**Aim of the task**
The pictures are to be left out, and all remaining data is to be transcribed exactly as it appears.

**Information provided**
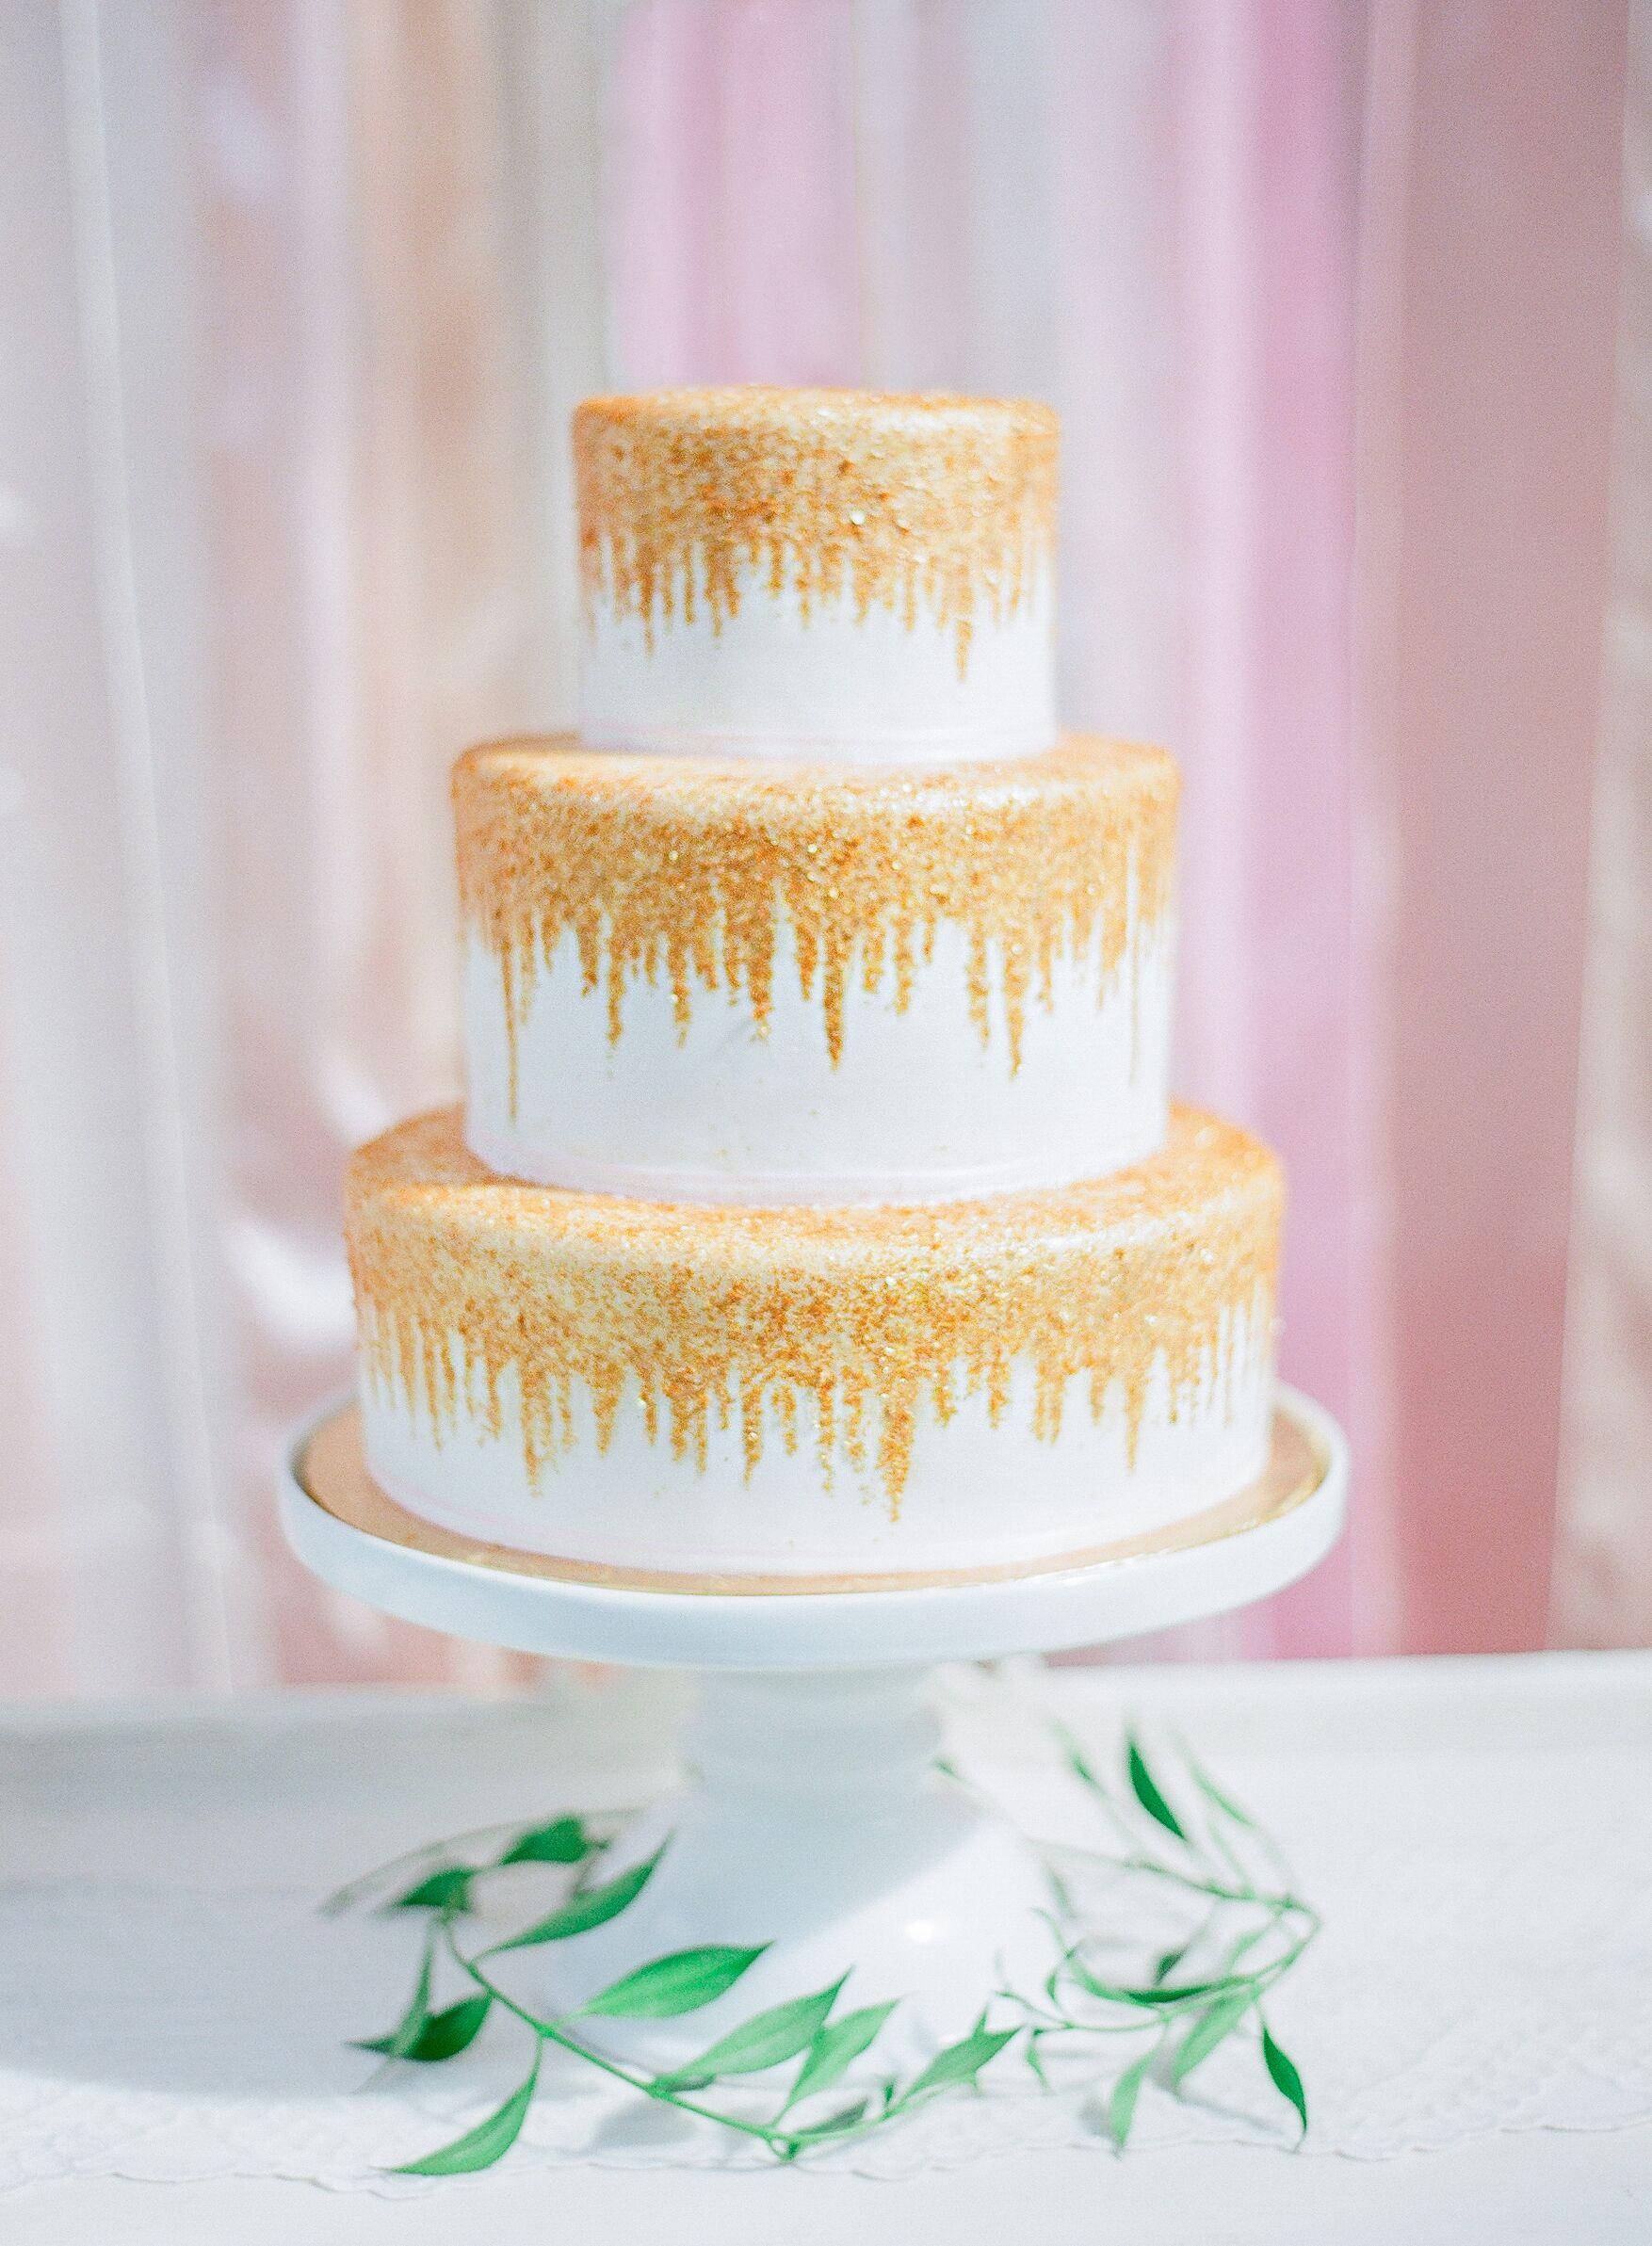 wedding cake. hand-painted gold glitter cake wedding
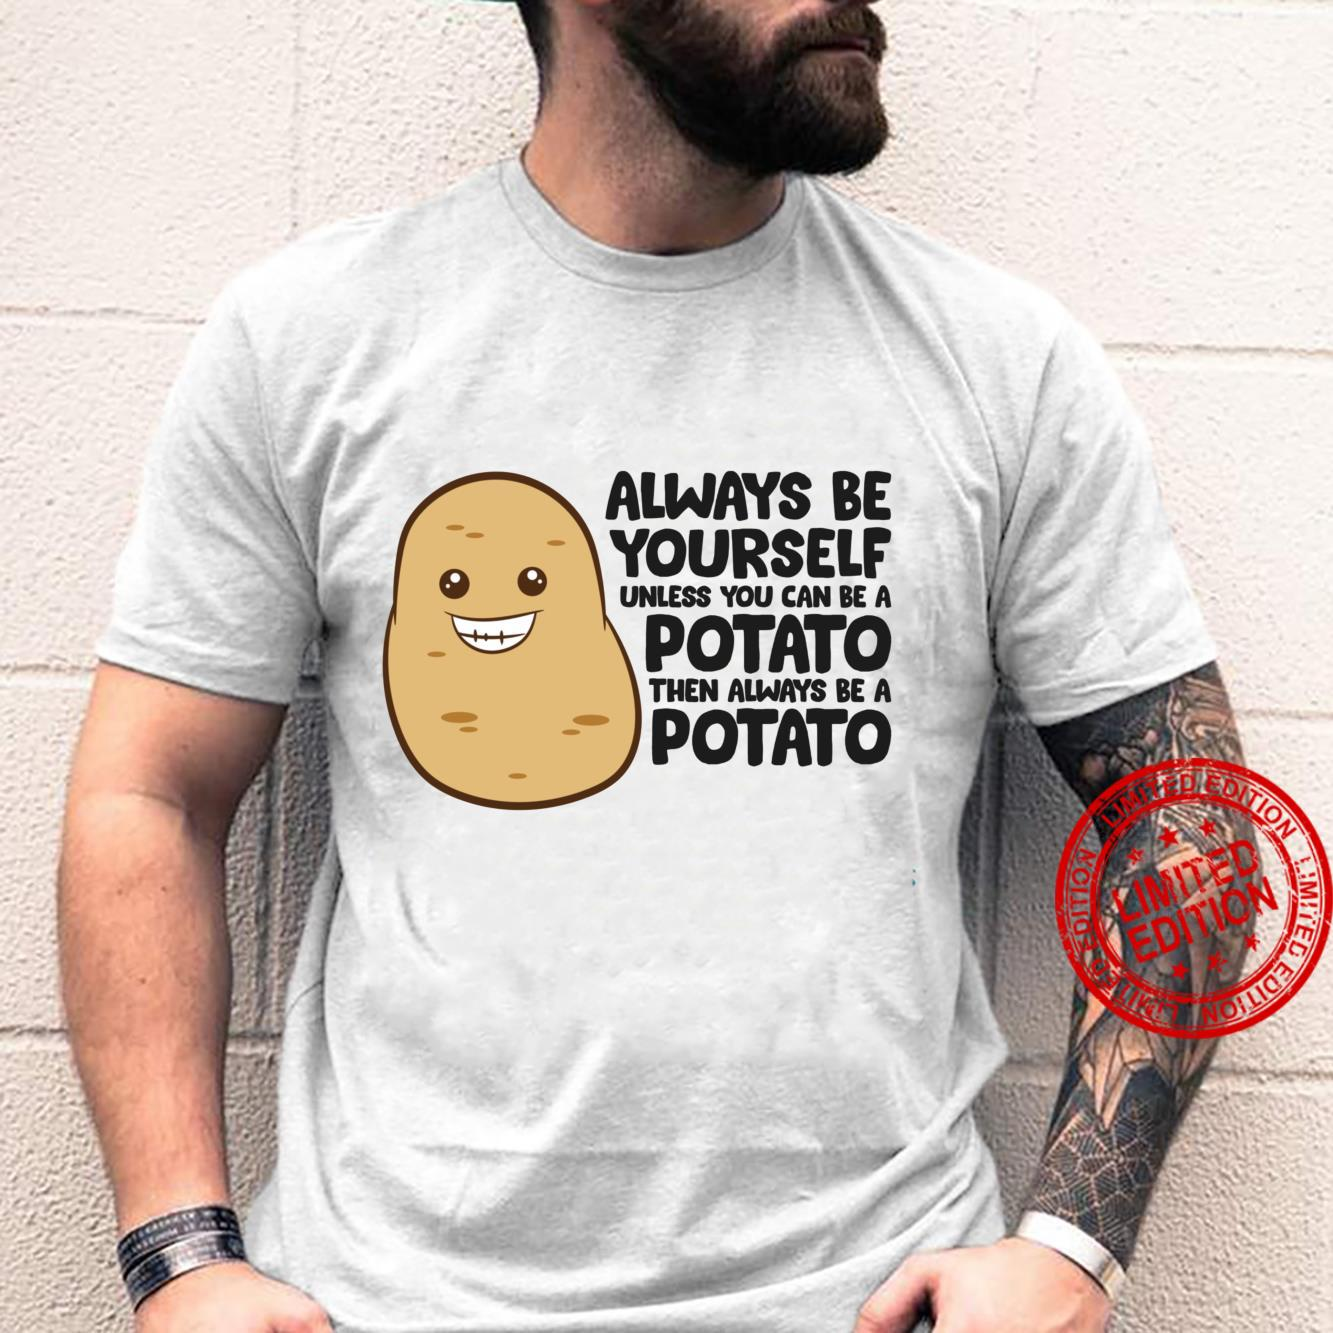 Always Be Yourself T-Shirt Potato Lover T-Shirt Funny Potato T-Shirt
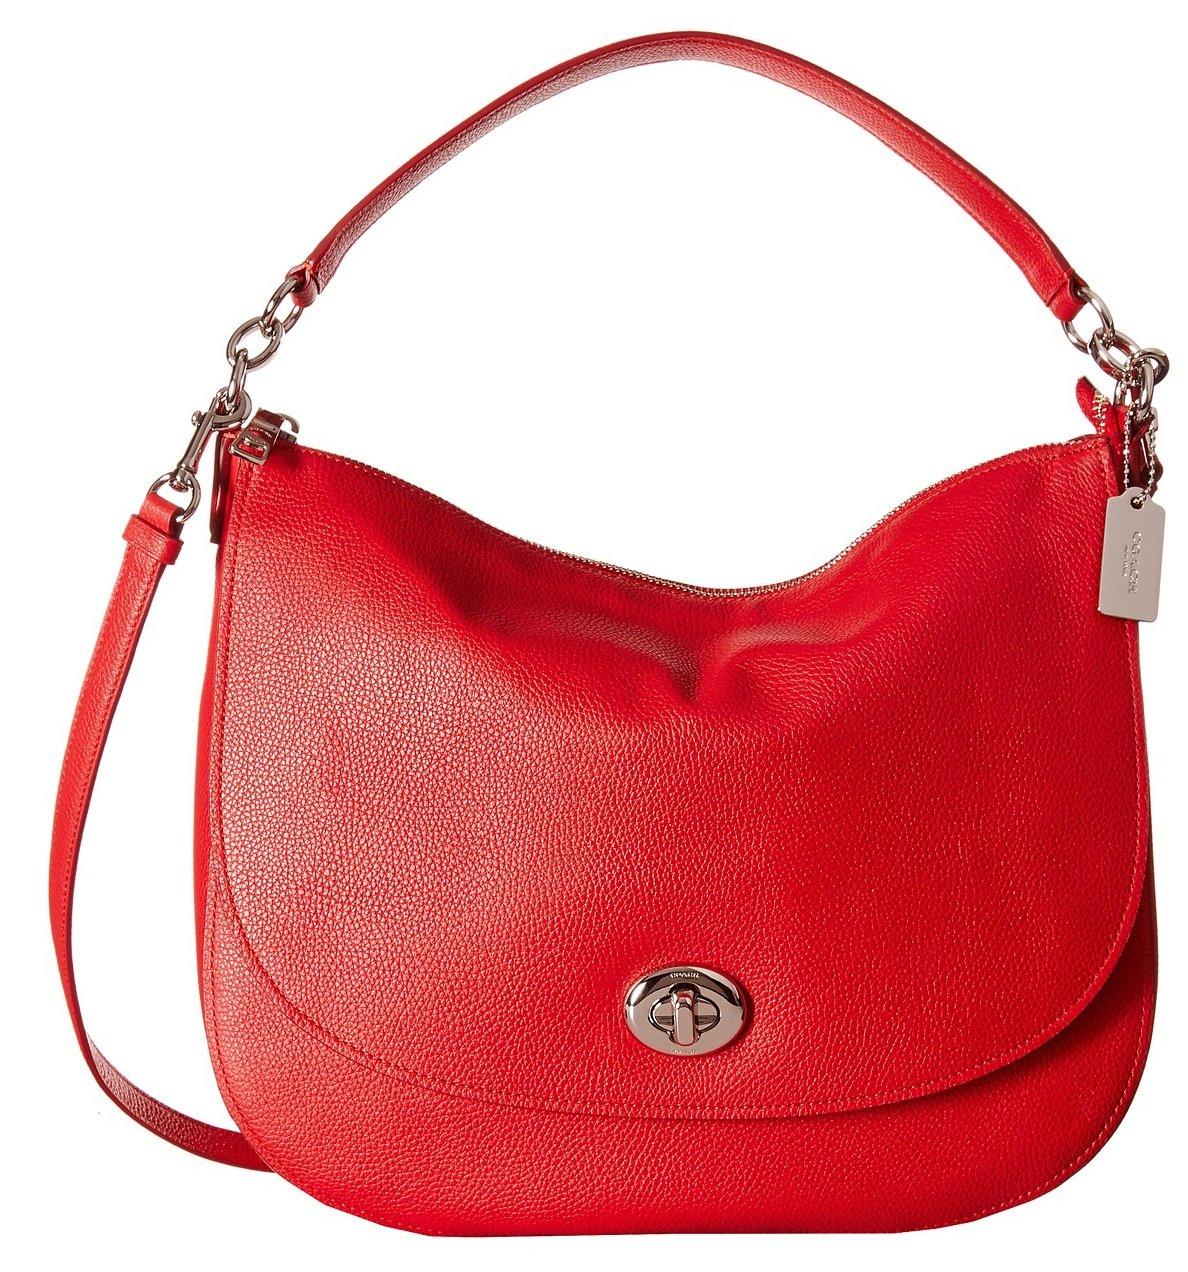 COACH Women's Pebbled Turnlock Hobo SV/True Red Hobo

**Your response**
 wedding cake. hand-painted gold glitter cake wedding
 Always Be Yourself T-Shirt Potato Lover T-Shirt Funny Potato T-Shirt
 COACH Women's Pebbled Turnlock Hobo SV/True Red Hobo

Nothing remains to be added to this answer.